Introductory Tutorial#

Open In Colab

TextDescriptives lets you quickly and easily calculate a large variety of statistics and metrics from texts.

The package includes a number of components that make it easy to only spend time extracting exactly the metrics you care about.

This tutorial introduces some of components available in TextDescriptives and how you can use them to quickly analyse a text corpus. For more information on the components, see the documentation.

Using TextDescriptives#

In this tutorial we’ll use TextDescriptives to get a quick overview of the SMS Spam Collection Data Set. The dataset contains 5572 SMS messages categorized as ham or spam.
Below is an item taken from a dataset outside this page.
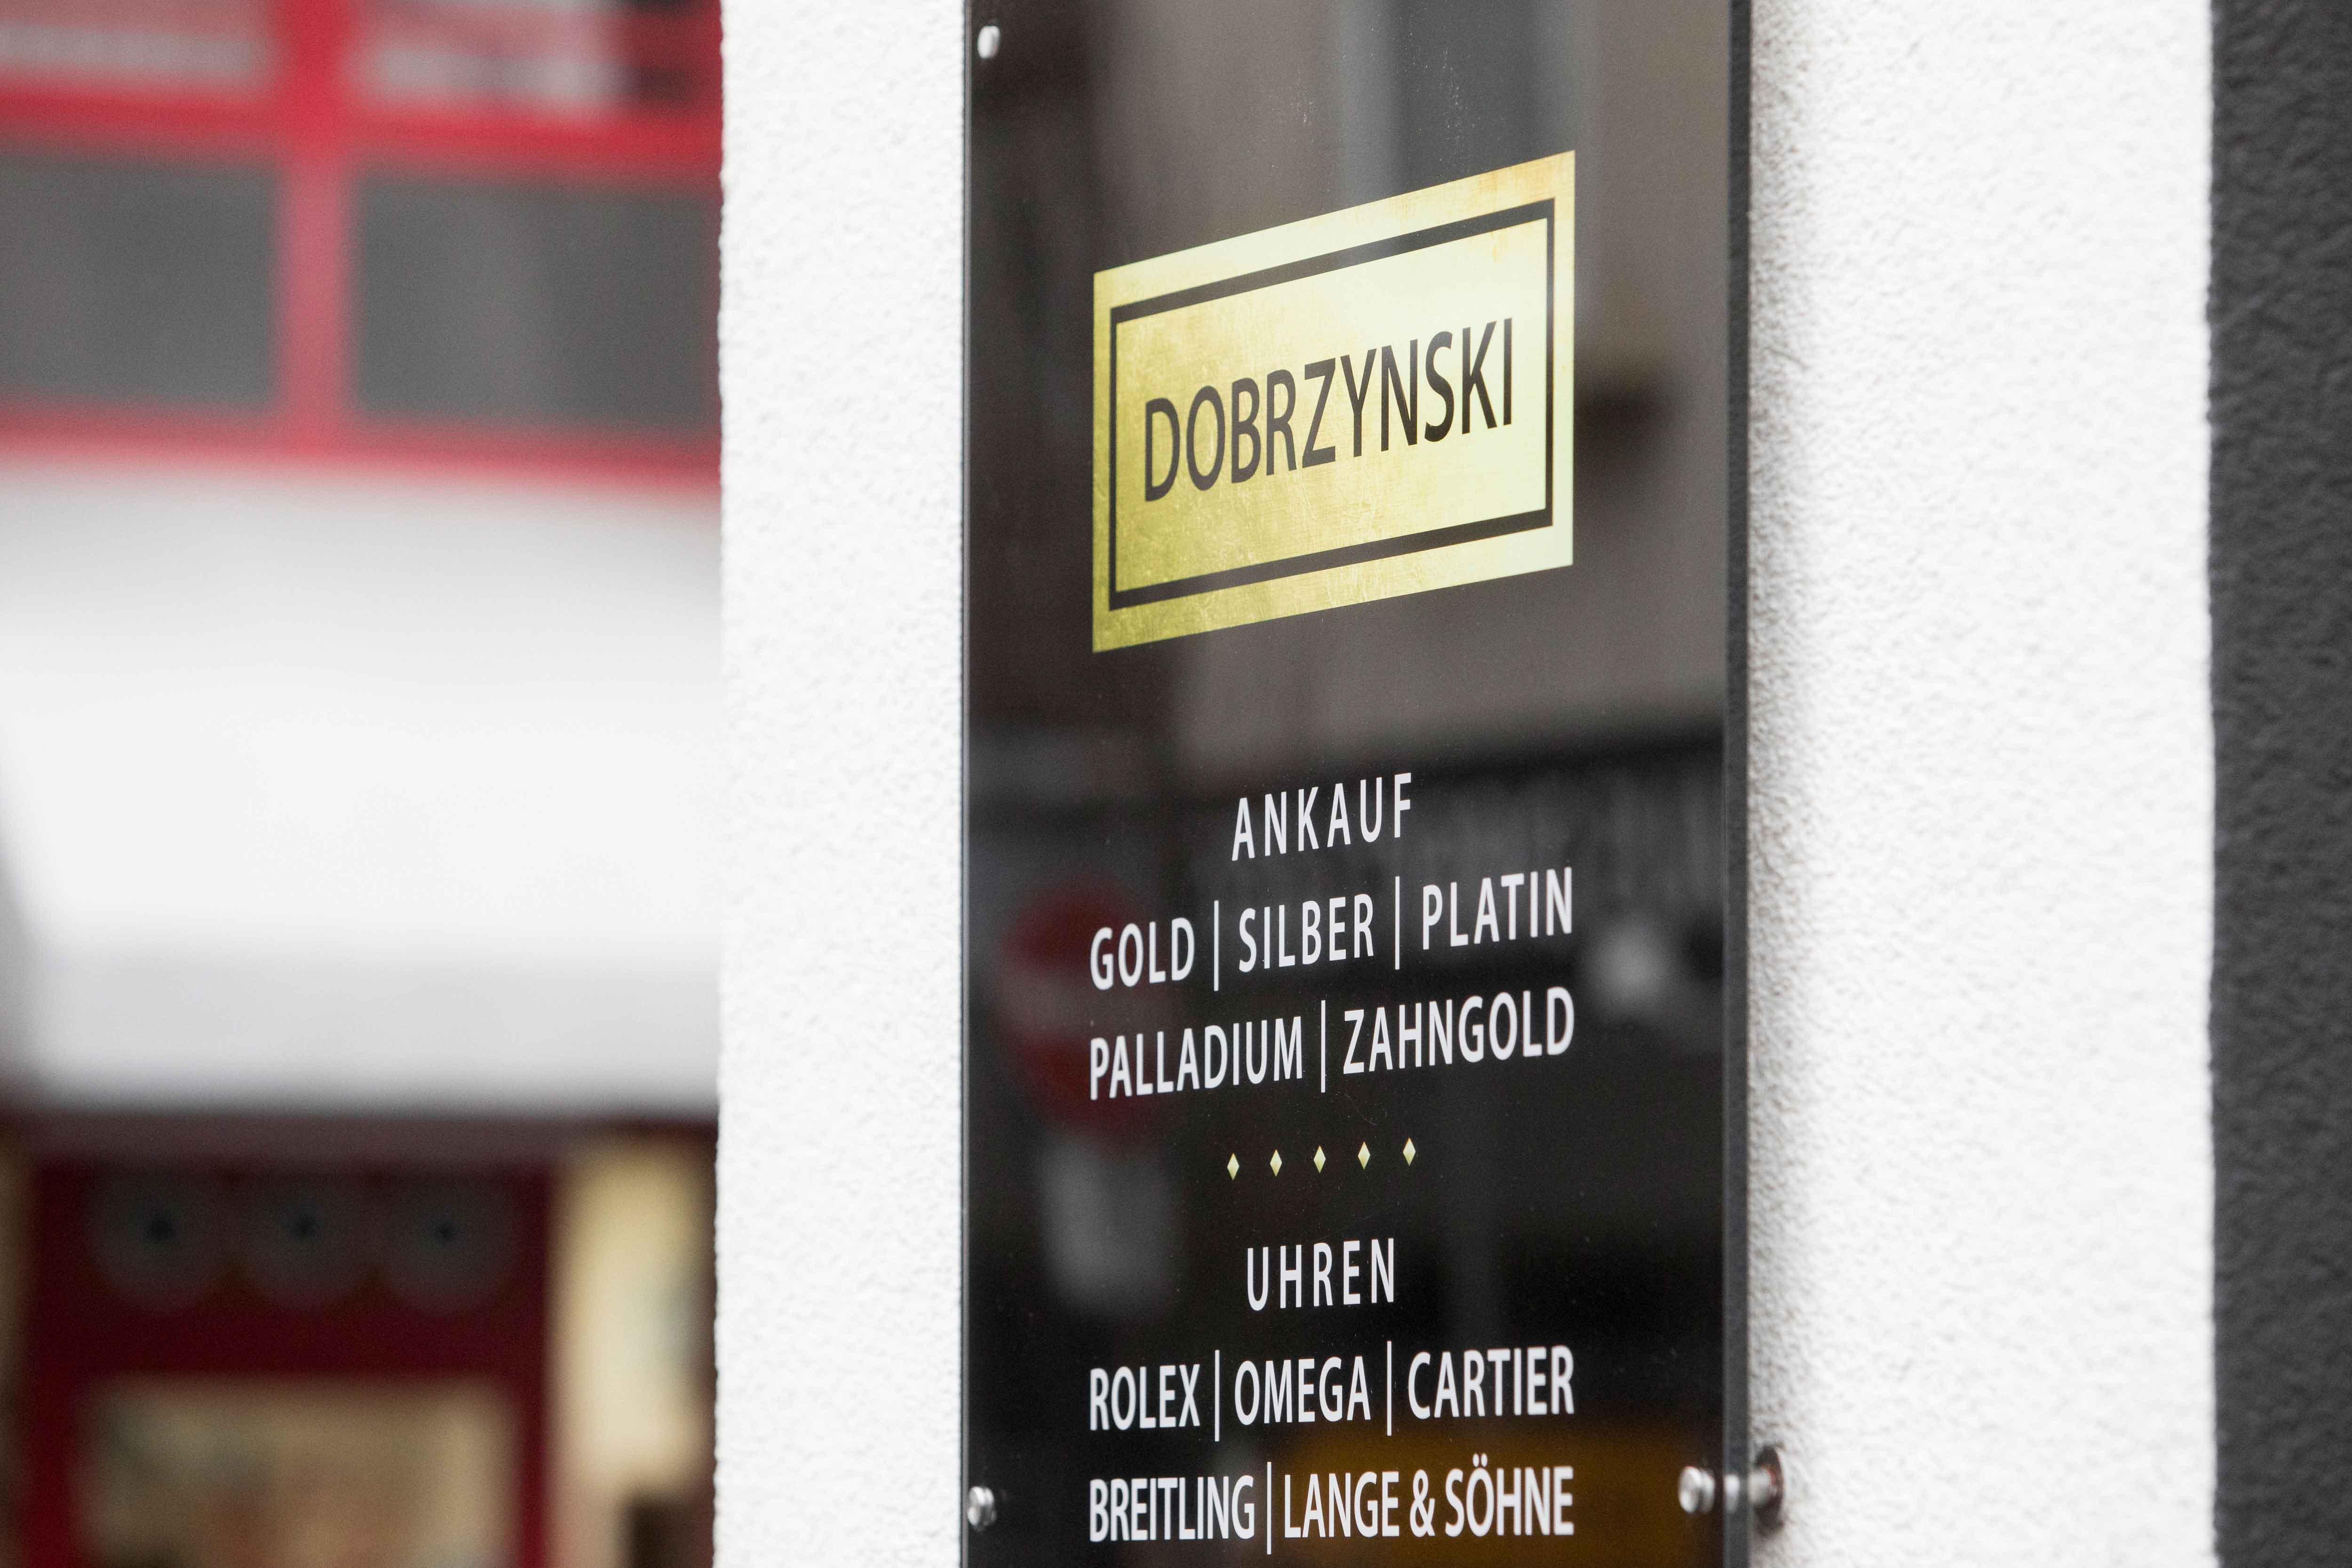 Dobrzynski Leihhaus Mannheim Goldankauf

To start, let’s load a dataset and get a bit familiar with it.

try:
    import textdescriptives
except:
    !pip install "textdescriptives[tutorials]"
import textdescriptives as td
import spacy

from textdescriptives.utils import load_sms_data

df = load_sms_data()
df.head()
label message
0 ham Go until jurong point, crazy.. Available only ...
1 ham Ok lar... Joking wif u oni...
2 spam Free entry in 2 a wkly comp to win FA Cup fina...
3 ham U dun say so early hor... U c already then say...
4 ham Nah I don't think he goes to usf, he lives aro...
df["label"].value_counts()
label
ham     4825
spam     747
Name: count, dtype: int64

The easy way: Extract metrics with extract_metrics#

Let’s extract readability and dependency distance metrics using the extract_metrics function, which handles a lot of boilerplate spaCy code for us. If haven’t used spacy before, you can set the parameter lang to the language of your text instead of specifying spacy_model - then TextDescriptives will automatically download and use an appropriate model for you.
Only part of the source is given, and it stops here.